Let a=4k-1, where k is an integer. Prove that for any positive integer n the number

     $$ s_n = 1 - {n \choose 2}a + {n \choose 4}a^2 - {n \choose 6}a^3 + \cdots $$

is divisible by 2^{n-1}.

1. Find a closed form expression of s_n

We start with the construction of (a+b)^n.

    \[(a+b)^n = \sum_{k=0}^{n} {n \choose k} a^{n-k}b^k\]

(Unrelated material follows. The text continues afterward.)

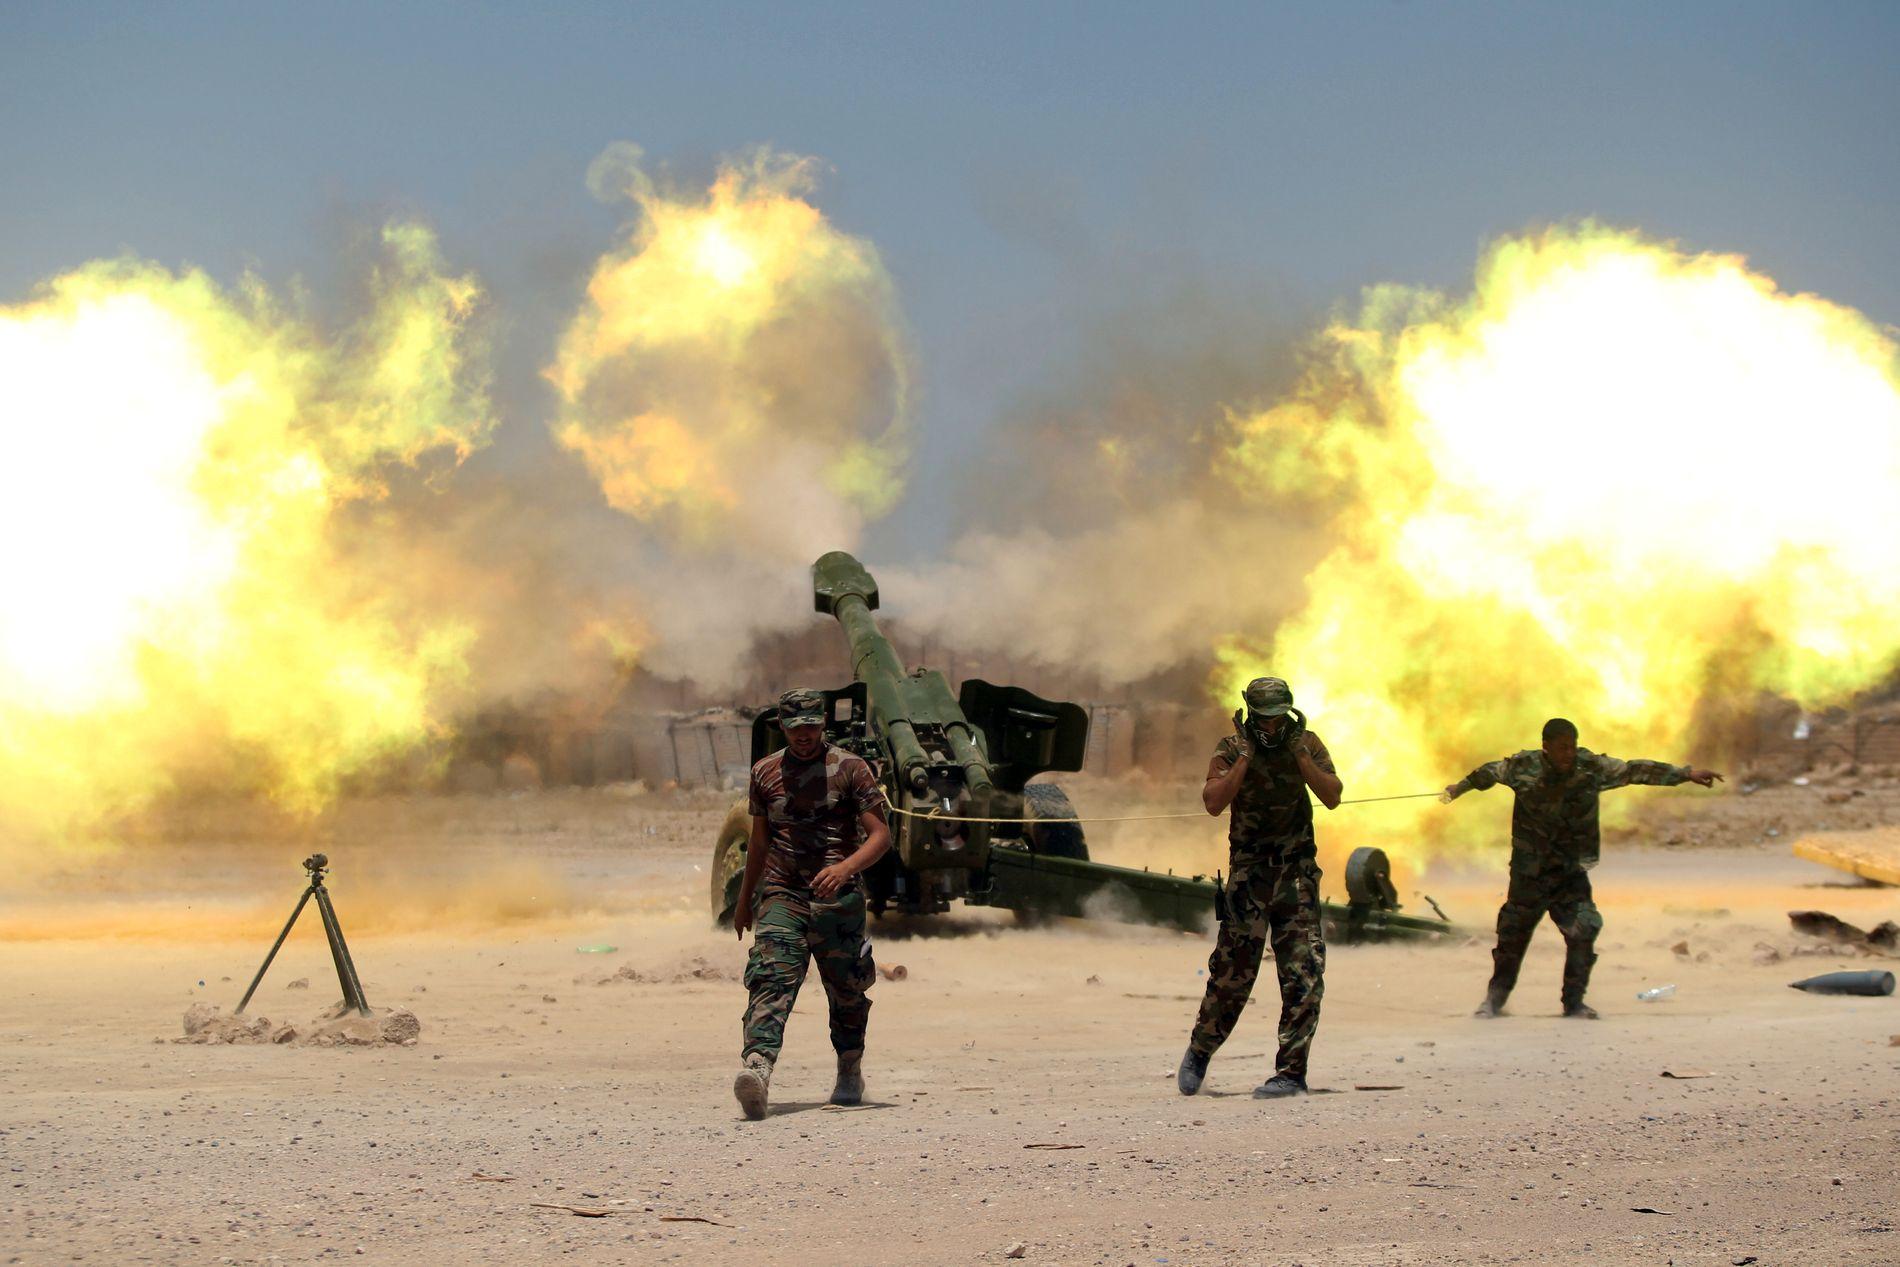 KAMPER: Sjiakrigere og irakiske regjeringsstyrker avfyrer artilleri i kamper mot IS nær Falluja søndag. Foto: REUTERS/Alaa Al-Marjani

Since the first term of our series is a one, and the terms alternate in sign on odd powers, we should only consider polynomials (1-x)^n

    \begin{align*} (1-x)^n &= 1 - {n \choose 1}x + {n \choose 2}x^2 - \cdots \end{align*}

Okay, but we still can’t completely remove the odd terms from the combinations. However, we see that if we were to add in another polynomial of the same degree, we can match up the terms so that the coefficients on the odd {n \choose 2k+1} are canceled. That is, we find the pair x,y such that

    \begin{align*} (1-x)^n + (1+y)^n &= (1+1) + {n \choose 1}(y-x) + {n \choose 2}(y^2 + x^2) + {n \choose 3}(y^3 - x^3) + \cdots \\ \intertext{Therefore, if $y-x=0,y^3-x^3=0,\cdots$, then we can cancel out all the odd terms.  Let's set x = y for now} &= 2  +2{n \choose 2}\frac{x^2 + x^2}{2} +2{n \choose 4}\frac{x^4 + x^4}{2} + \cdots  \end{align*}

In order to get s_n, we need to set

    \begin{align*} x^2 &= -a \\ x^4 &= a^2 \\ &\vdots \\ &\implies y = x = \sqrt{-a} \end{align*}

From this, we get the closed form expression of s_n = \frac{(1 + i\sqrt a)^n + (1 - i\sqrt a)^n}{2}. \blacksquare

2. Find a recurrence relation for s_n

This may seem counter-intuitive, but the problem looks like one that can be solved via induction on n, which is much easier to do on a linear recurrence.

Recall from earlier and differential equation that \frac{(1 + i\sqrt a)^n + (1 - i\sqrt a)^n}{2} is of the form of a linear recurrence with characteristic polynomial whose roots are 1 \pm i\sqrt a. Let’s construct this polynomial in order to find the recurrence.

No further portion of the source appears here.